During her internship with the MS Society, Ralph was also working on another off-campus opportunity - with Media Fair Trade, which helps promote and educate the local community about what it means to be a Fair Trade town. Media was the first town in the country to earn the designation and the Brandywine campus followed suit by becoming an officially recognized Fair Trade campus in May 2012.
The internship began as a three-credit independent study where Ralph attended town meetings. Then she took over the Twitter and Facebook accounts for Media Fair Trade. She kept a schedule of social media posts and helped spread the word about upcoming events in the town. "I saw an increase in followers on both [platforms]," she said. "It was a success."
On campus Associate Professor of Earth Sciences Laura Guertin oversees the Fair Trade program with the help of the students who are officially in charge of spreading the word and educating the campus community, Ralph explained. "In the town, this is how people make a living. Storeowners have such a passion for it. I can go out and see there are 10 Dr. Gs out in the community. To see her passion in other people felt really good."
And last but not least, Ralph was recently hired by Communications Test Design, Inc. (CTDI) as a marketing project coordinator responsible for making marketing materials for clients. Ralph said before the internship began that she was extremely excited to experience the corporate world and is hoping she can prove herself and get offered a full-time position. She's been working 40 hours per week since the start of summer and is getting paid for this internship.
"CTDI has been a great experience so far and has opened new doors for me," Ralph said. "The skills I have learned from doing marketing, event planning and social media from the Civic Engagement Lab really contributed to my success at the other internships and especially here at CTDI."
Ralph said she learned more than she ever could have dreamed at her three internships, including time management, how to meet deadlines and making and reaching her goals.
"You have to diversify yourself. Be flexible. Be willing to work with different departments and on different things. Try something new," she advised her undergraduate peers.
"There aren't a lot of paid internships out there but don't make that your priority. Go for what you can get and if you can work for a great company and work in different departments then do that. Get a breadth of experience."
As for her time as an undergraduate at Brandywine, Ralph called it "absolutely unbelievable!"
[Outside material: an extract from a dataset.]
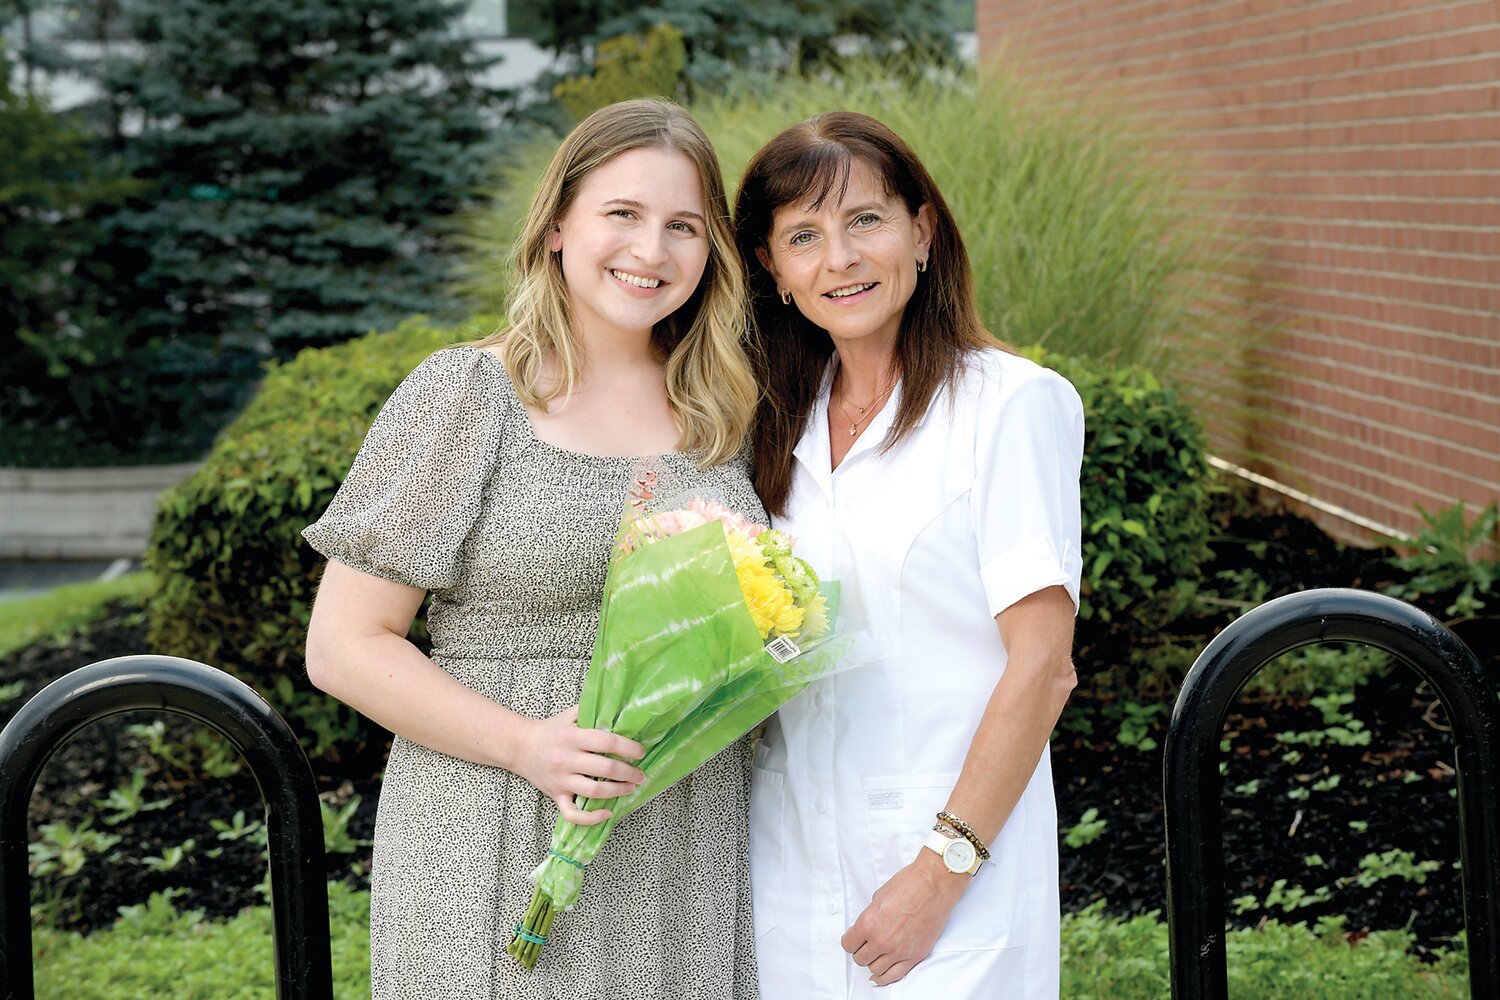 Anna Uyechko and her mother, Tetyana, are both graduates of St. Luke’s School of Nursing.

She traveled to a conference in Boston, attended a student leadership conference in Harrisburg and even studied in Puerto Rico with her communications class. Ralph handled public relations for the Student Government Association, planned a memorial for a student who lost his life, worked on the campus' Blue Out campaign to help stop child abuse, served as an Orientation Leader, was editor of the student-run newspaper The Lion's Eye and was invited by campus administrators to serve on a marketing committee, where she provided a student perspective to the campus' marketing efforts. All while working 35 hours per week at a hoagie shop.
Ralph did it all during her time on campus and loved every minute of it.
"I got to make personal connections with staff and faculty," Ralph said. "I'm going to miss the people. It's a small community here. I knew everyone, even the chancellor. I always felt welcome here. It's such a small campus but it's opening big doors for me.
UPDATE: Aimee Ralph was hired as a full-time employee for CTDI in November 2013.